千层金叶片精油具有明显的细菌群体感应抑制活性，其有效成分甲基丁香酚含量高达86.5%，而且，叶片中未检测到甲基丁香酚合成的底物——丁香酚，说明千层金叶片中丁香酚-O-甲基转移酶（EOMT）具有很强的催化丁香酚生成甲基丁香酚的能力，但其作用机制并不清楚。课题组在前期研究中对千层金叶片进行转录组测序，获得了5条候选EOMT基因的全长cDNA。在此基础上，本项目拟通过qRT-PCR和VIGS技术，筛选出千层金叶片中高效催化甲基丁香酚合成的主效EOMT基因；通过原核表达和矮牵牛的遗传转化，对主效EOMT基因进行功能验证；通过同源建模及定点突变技术，揭示主效EOMT结构与功能的关系。旨在明确EOMT在千层金叶片中高效催化甲基丁香酚合成的作用机制，为进一步研究千层金中甲基丁香酚生物合成途径的调控机制提供理论依据和工作基础，研究结果可为植物次生代谢产物的高效合成与转化研究提供新的思路和方法上的借鉴。

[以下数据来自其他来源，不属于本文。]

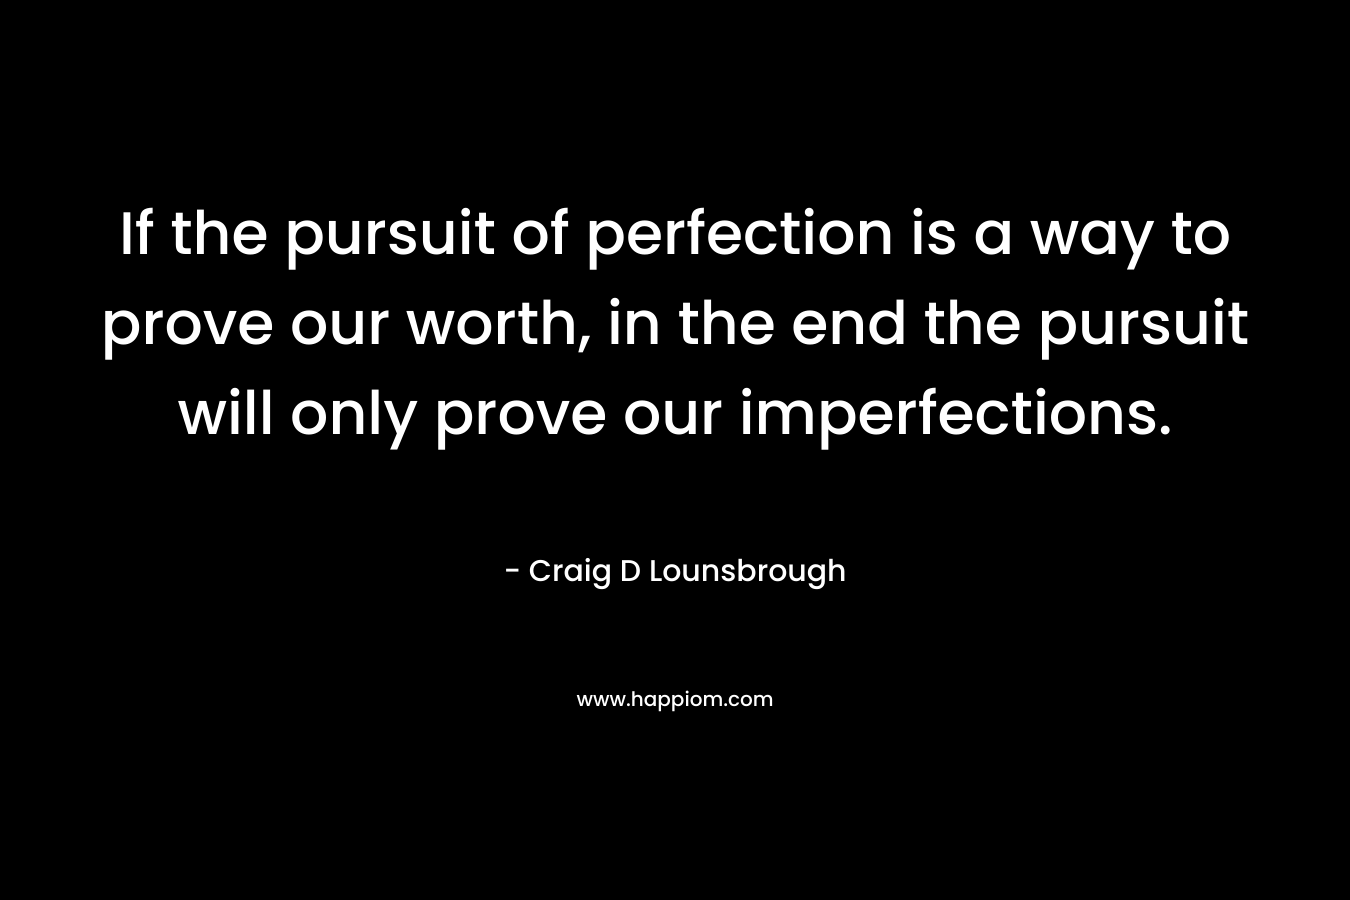 If the pursuit of perfection is a way to prove our worth, in the end the pursuit will only prove our imperfections.

千层金叶片精油具有明显的细菌群体感应抑制活性，其有效成分甲基丁香酚含量高达86.5%，而且，叶片中未检测到甲基丁香酚生物合成的底物——丁香酚，说明千层金叶片中EOMT具有很强的催化丁香酚生成甲基丁香酚的能力，但其作用机制并不清楚。本项目通过转录组和代谢组的联合分析，筛选出千层金叶片中高效催化甲基丁香酚生物合成的MbEOMT1和MbEOMT2基因，并对其进行表达谱分析，发现MbEOMT1和MbEOMT2基因的转录水平与甲基丁香酚的含量呈正相关。通过遗传转化分析发现，在瞬时过表达MbEOMT1和MbEOMT2基因的草莓果实和千层金叶片中，相应基因的表达量和甲基丁香酚的含量均显著升高；而在MbEOMT1和MbEOMT2基因沉默的千层金叶片中，甲基丁香酚的含量显著下降，相应基因的转录水平也受到抑制。构建原核表达载体pET-32a(+)-MbEOMT1，获得分子质量约为57kD的可溶性蛋白，并将纯化后的可溶性蛋白进行体外酶性分析，发现该蛋白能以SAM为甲基供体，以丁香酚为底物，催化形成甲基丁香酚，而对底物异丁香酚却没有活性。以上结果表明，MbEOMT1和MbEOMT2基因是千层金叶片中甲基丁香酚生物合成途径的关键酶基因。此外，分别对MbEOMT1和MbEOMT2进行同源建模，结合分子对接技术确定底物结合口袋附近的氨基酸残基，分析可能影响千层金MbEOMT1和MbEOMT2催化活性和底物特异性的关键位点：在MbEOMT1中，关键的氨基酸残基主要包括ALA-23、ASP-26、SER-27、ASP-127、ASN-172、ILE-207、HIS-265、ASP-266和GLU-324；在MbEOMT2中，关键的氨基酸残基主要包括LYS-19、ASN-20、ALA-23、ASP-26、LYS-79、ASN-172、LEU-207和THR-209。本项目明确了MbEOMT1和MbEOMT2基因在千层金叶片中高效催化甲基丁香酚生物合成的作用机制，为进一步研究千层金中甲基丁香酚生物合成途径的调控机制提供理论依据和工作基础，研究结果可为植物次生代谢产物的高效合成与转化研究提供新的思路和方法上的借鉴。